__Problem to solve__. The line with "جامعة الأميرة نورة" marks the first line to copy, and the line with "Zlokalizowane są w" marks the last. Transcribe that stretch of the data below exactly, without pictures.
─── Information given ───
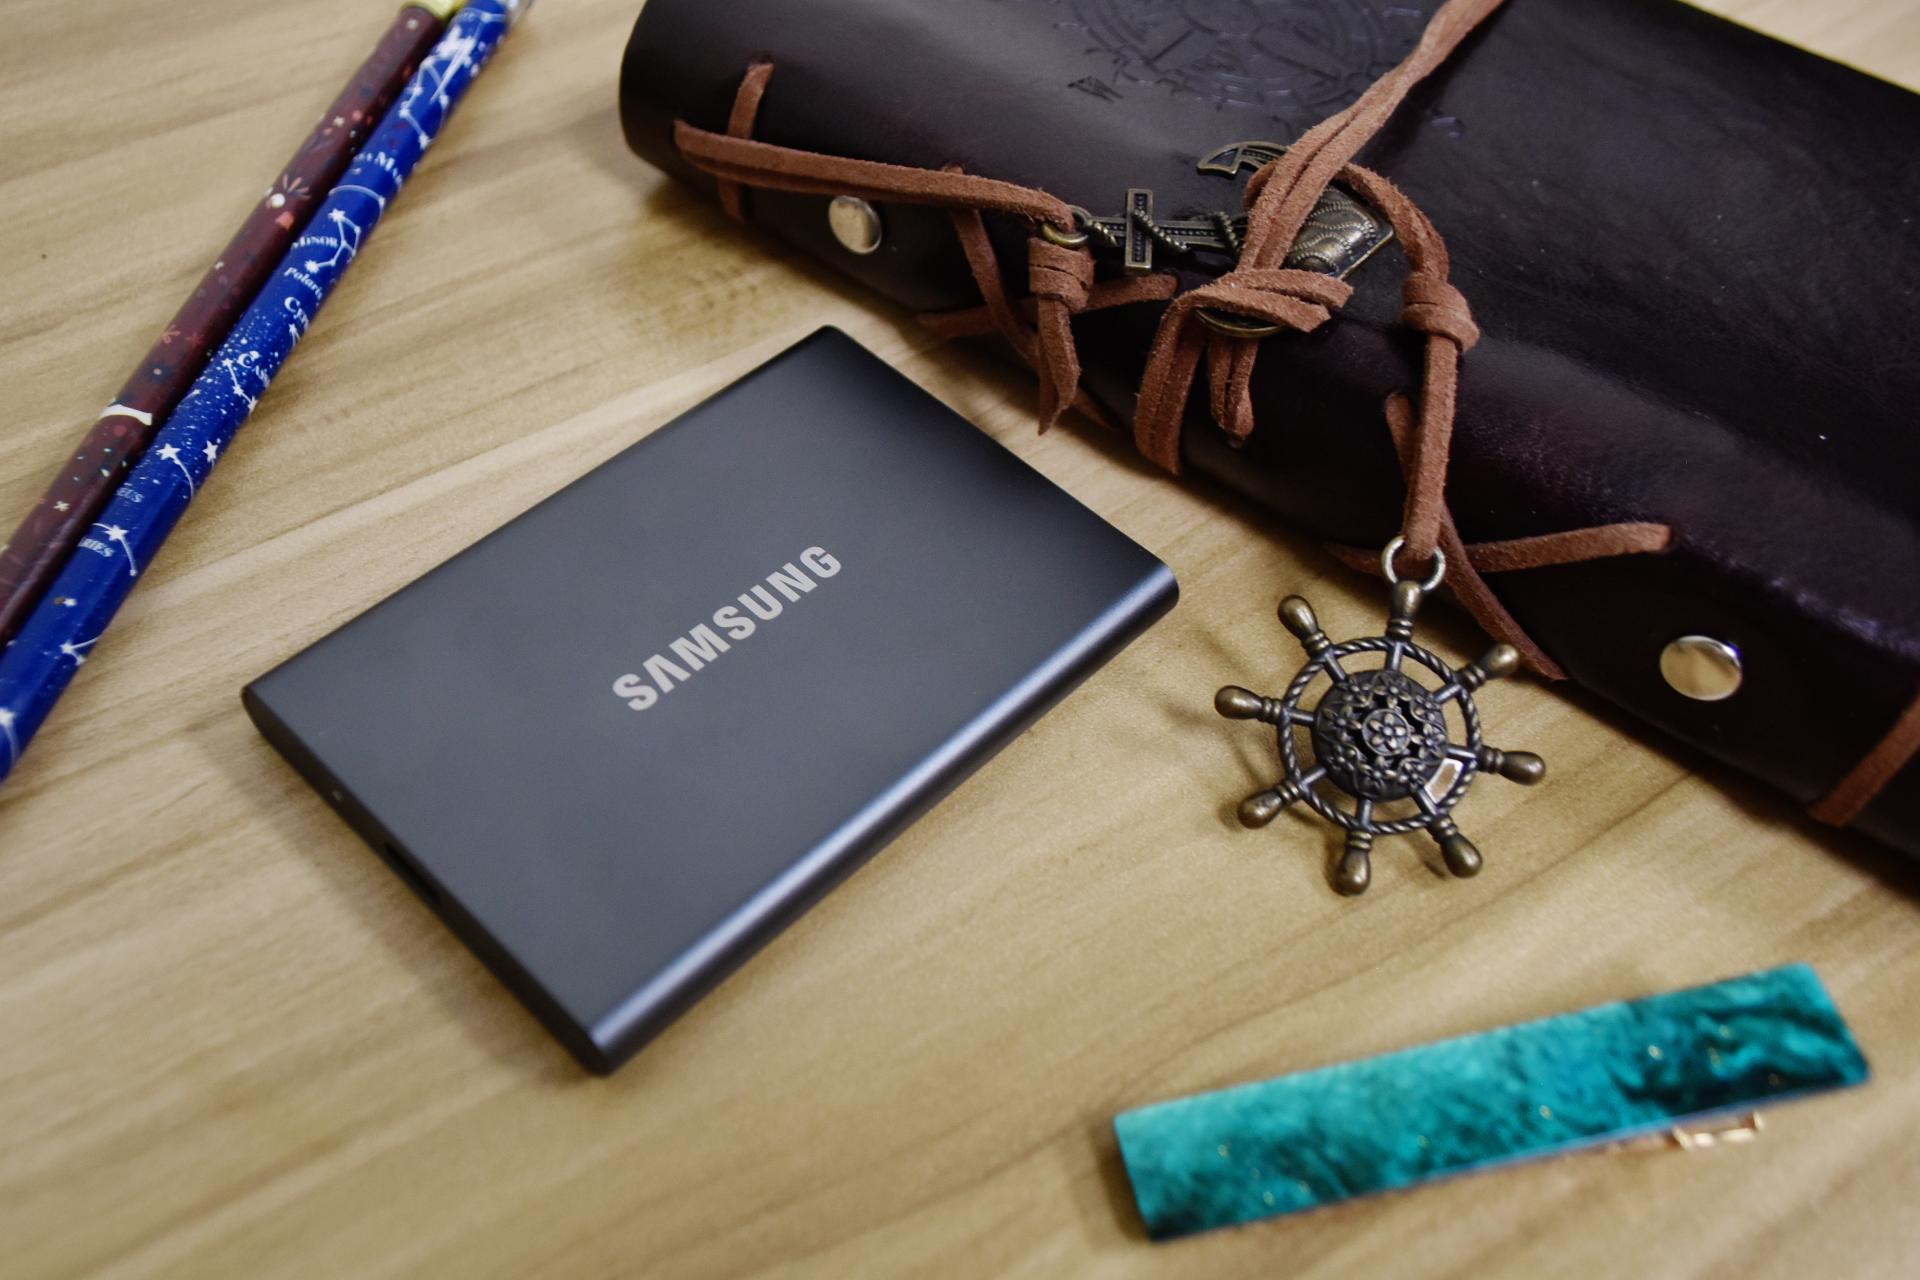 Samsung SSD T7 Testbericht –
───
─── Information given ───
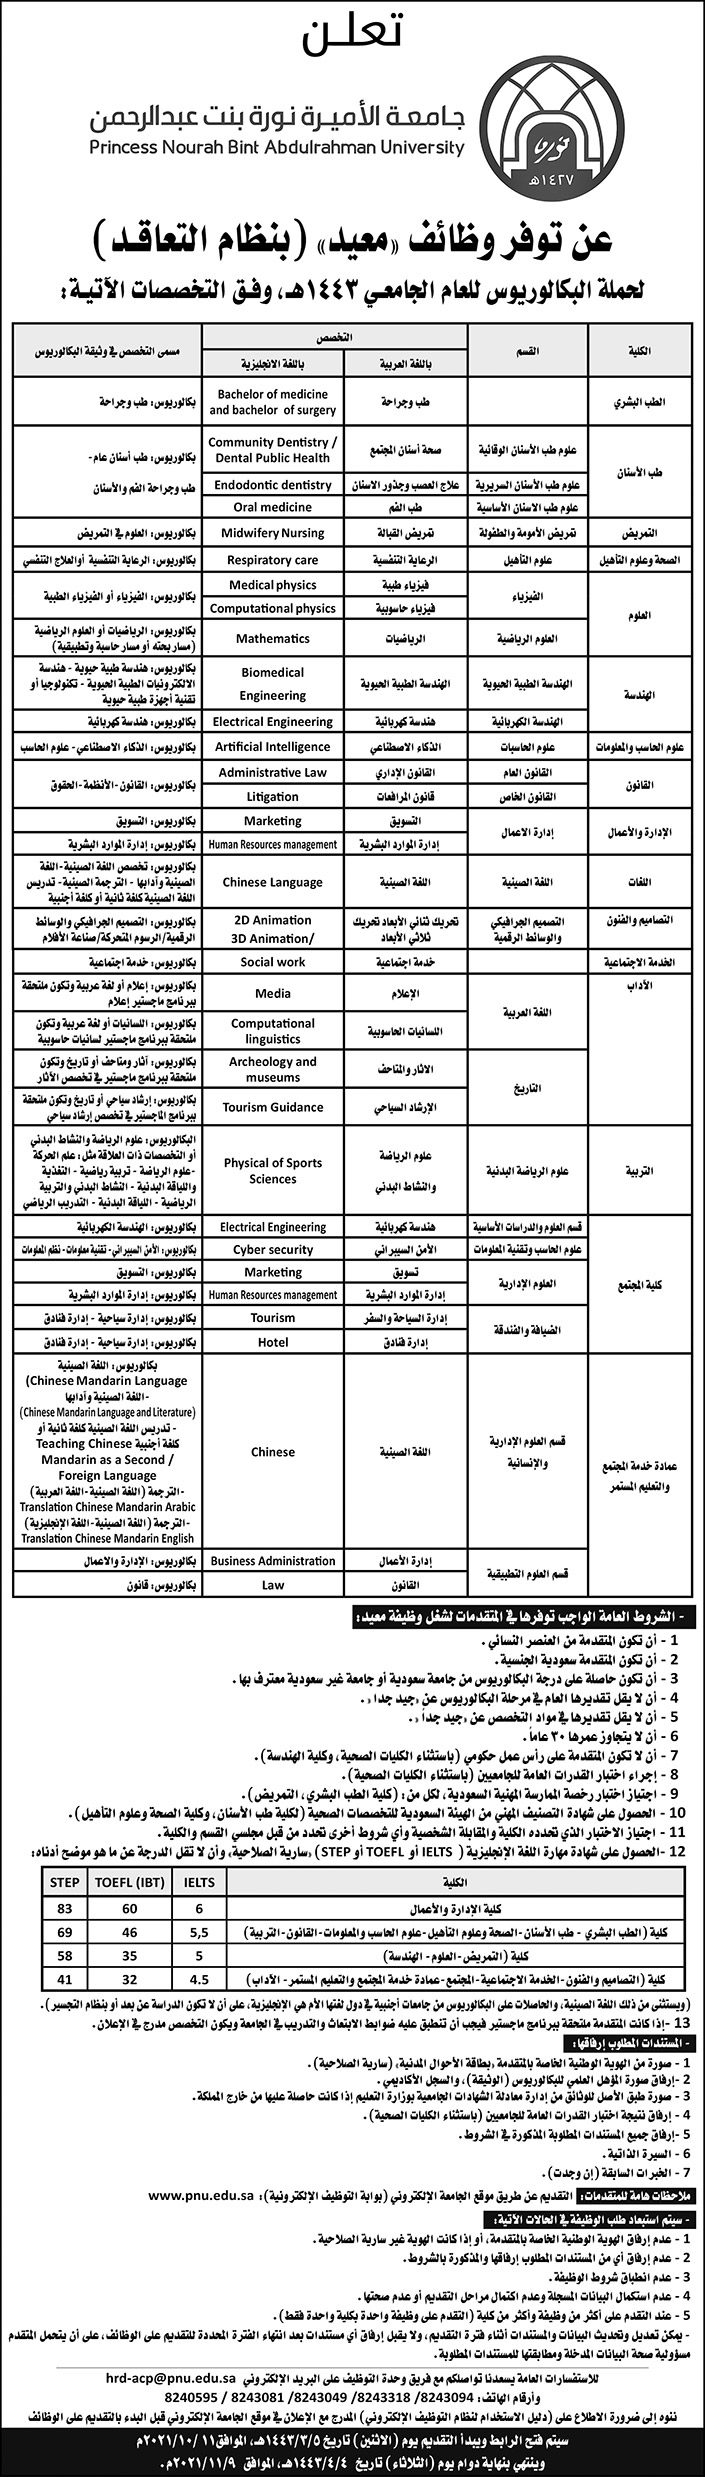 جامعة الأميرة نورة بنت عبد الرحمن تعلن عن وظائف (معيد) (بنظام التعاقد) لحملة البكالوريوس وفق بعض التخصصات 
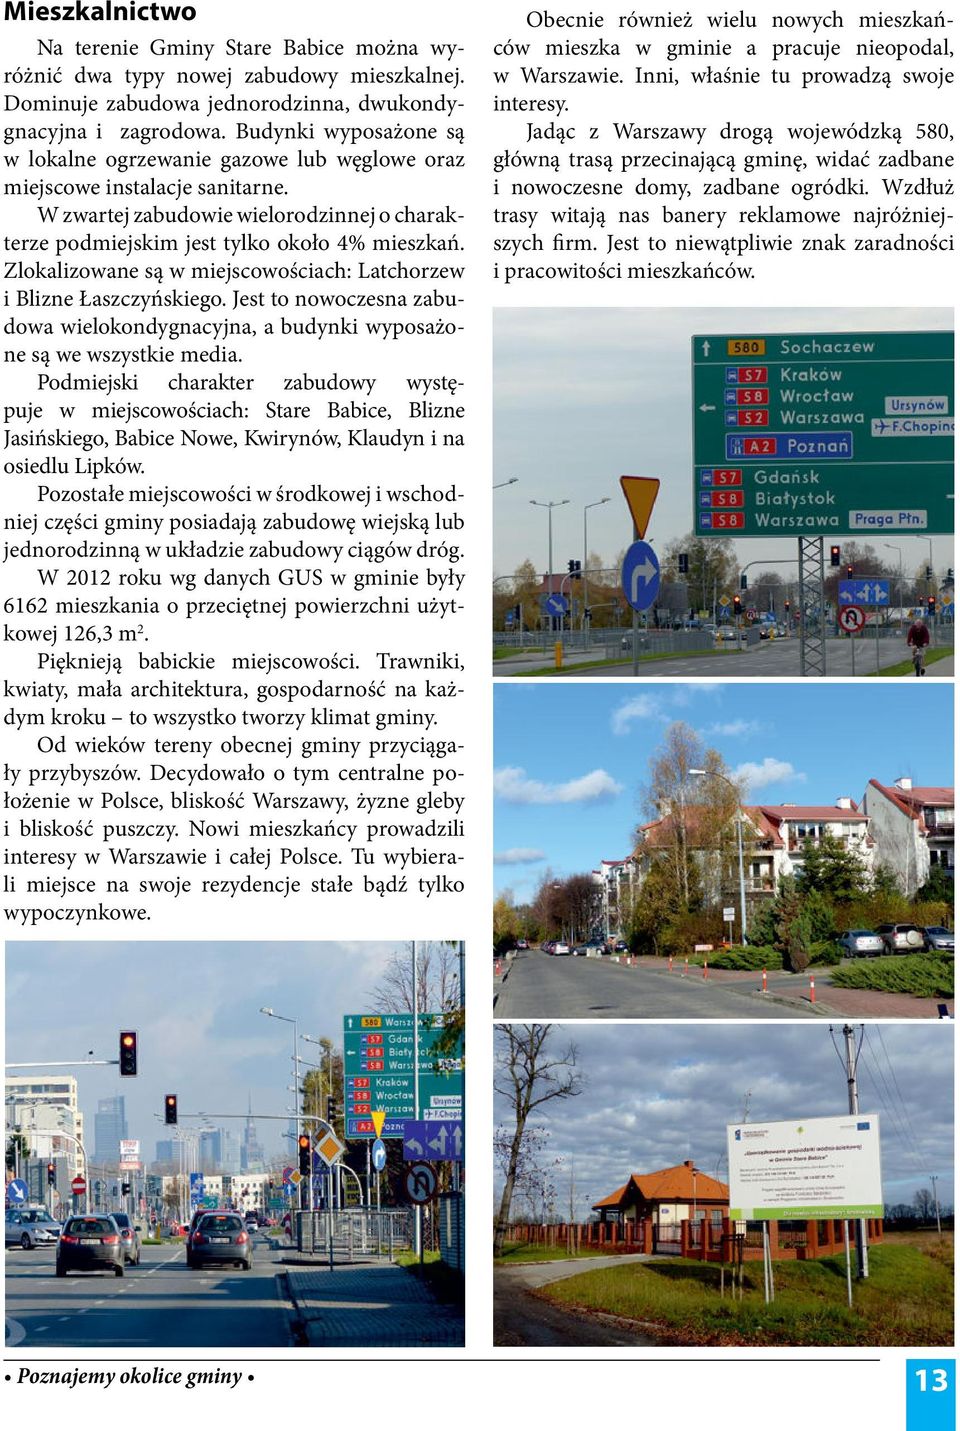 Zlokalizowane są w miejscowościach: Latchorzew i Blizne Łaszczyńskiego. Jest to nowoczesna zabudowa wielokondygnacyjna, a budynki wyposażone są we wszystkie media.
───
__Result of this exercise__.
 جامعة الأميرة نورة بنت عبد الرحمن تعلن عن وظائف (معيد) (بنظام التعاقد) لحملة البكالوريوس وفق بعض التخصصات 
 Zlokalizowane są w miejscowościach: Latchorzew i Blizne Łaszczyńskiego. Jest to nowoczesna zabudowa wielokondygnacyjna, a budynki wyposażone są we wszystkie media.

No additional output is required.